Sharded models
Download a model that is sharded into multiple parts.
Overview
Some models may be distributed as multiple files (shards) instead of a single large one. loadModel() supports sharded models and ensures that all shards are available before loading it. For this, shard file names must follow the pattern: <name>-00001-of-0000X.<ext>.
Important
For now, sharded models are supported only for GGUF models.
Supported formats
- Archives (
.tar,.tar.gz,.tgz): HTTP or local with automatic extraction - HTTP sharded URL: pass the download URL of any shard and the SDK will fetch the remaining shards
- Hyperdrive: use any sharded Hyperdrive model source
- Local shards: pass the path to any shard file.
Local sharded models
All files must be present in the same directory:
- All numbered shard files, for example:
model-00001-of-00005.ggufmodel-00002-of-00005.gguf- …
model-00005-of-00005.gguf
- A companion tensors manifest file:
model.tensors.txt
When using loadModel(), you pass the path to the first shard (e.g., model-00001-of-00005.gguf), and the SDK automatically detects and loads the remaining shards.
Functions
loadModel()— pass the path/URL of any shard; SDK fetches remaining shards- Use the model as usual (
completion(),embed(), etc.) unloadModel()

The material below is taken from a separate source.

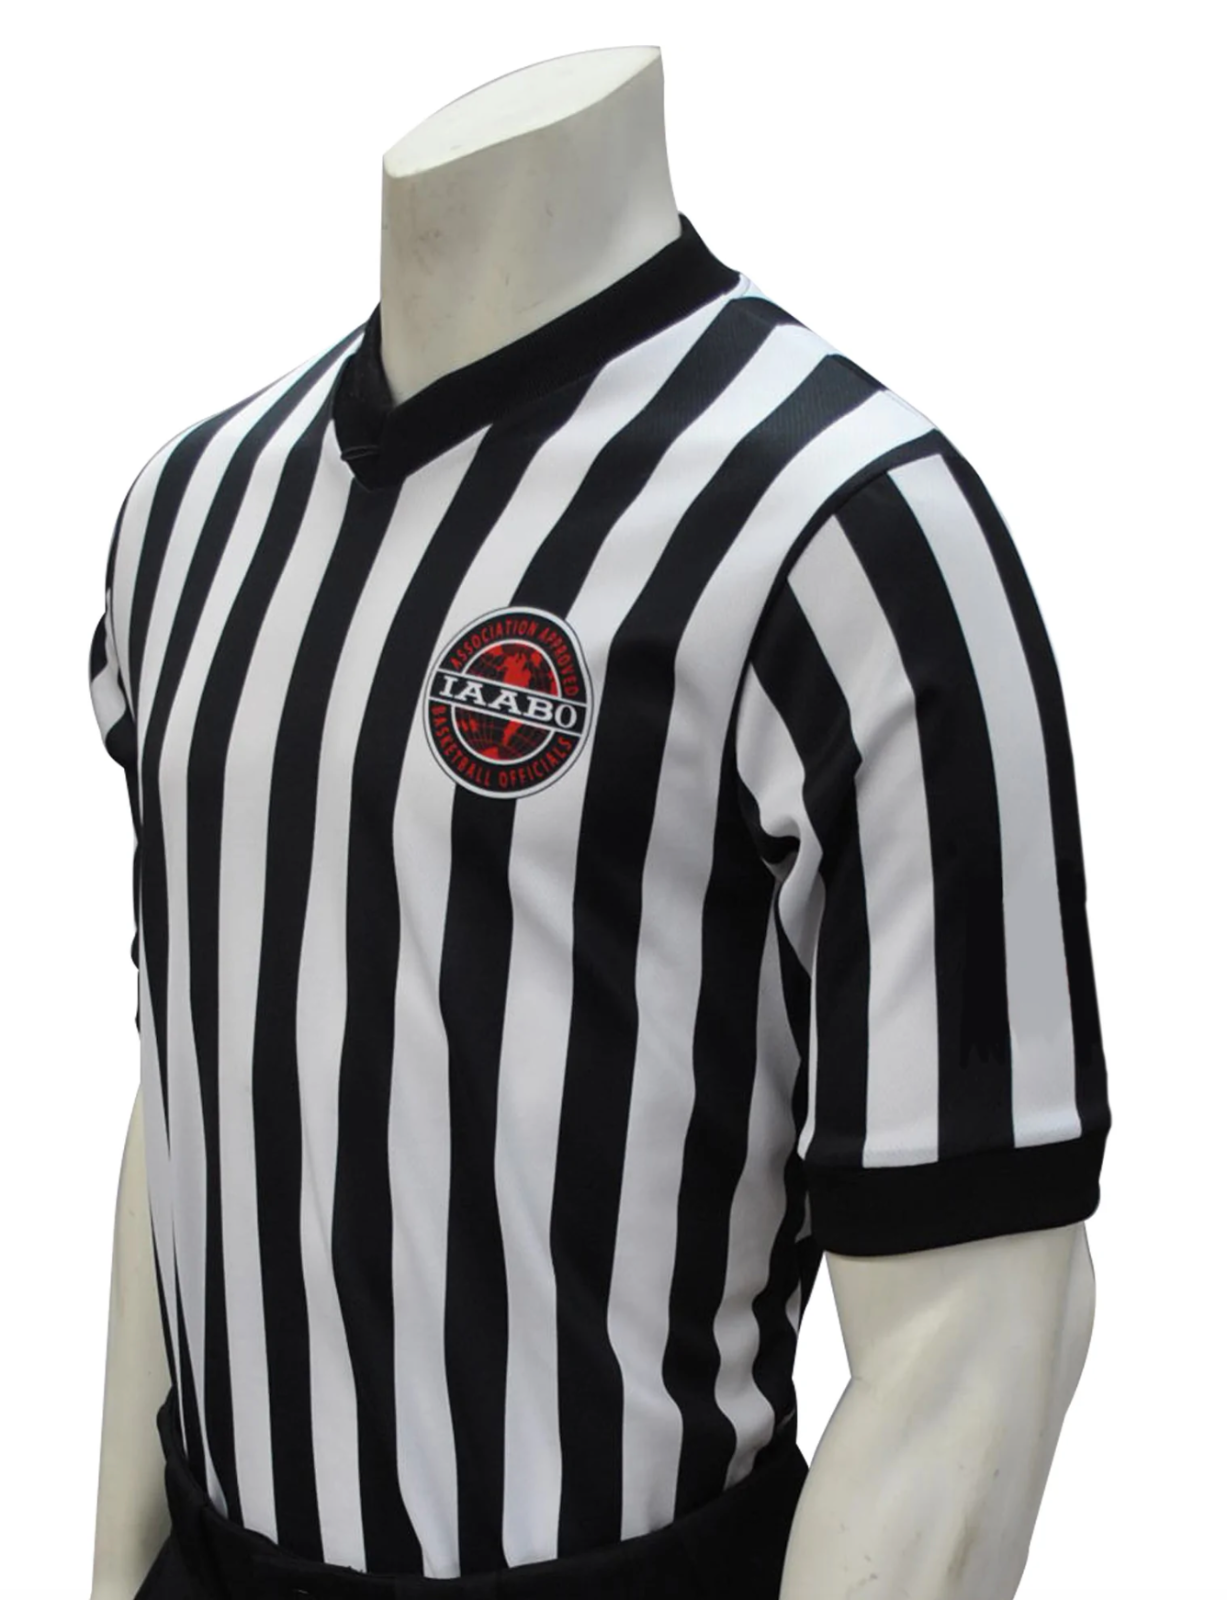 Смитти | I200 | Официальная мужская баскетбольная рубашка судьи IAABO | Черный Белый 1

For how to use each function, see SDK — API reference.
Example
The following script shows an example of loading a sharded model with per-shard progress tracking:
import { completion, loadModel, unloadModel, VERBOSITY } from "@qvac/sdk";
// Sharded models can be loaded from:
// 1. HTTP archives: "https://example.com/model.tar.gz"
// 2. HTTP pattern: "https://example.com/model-00001-of-00005.gguf"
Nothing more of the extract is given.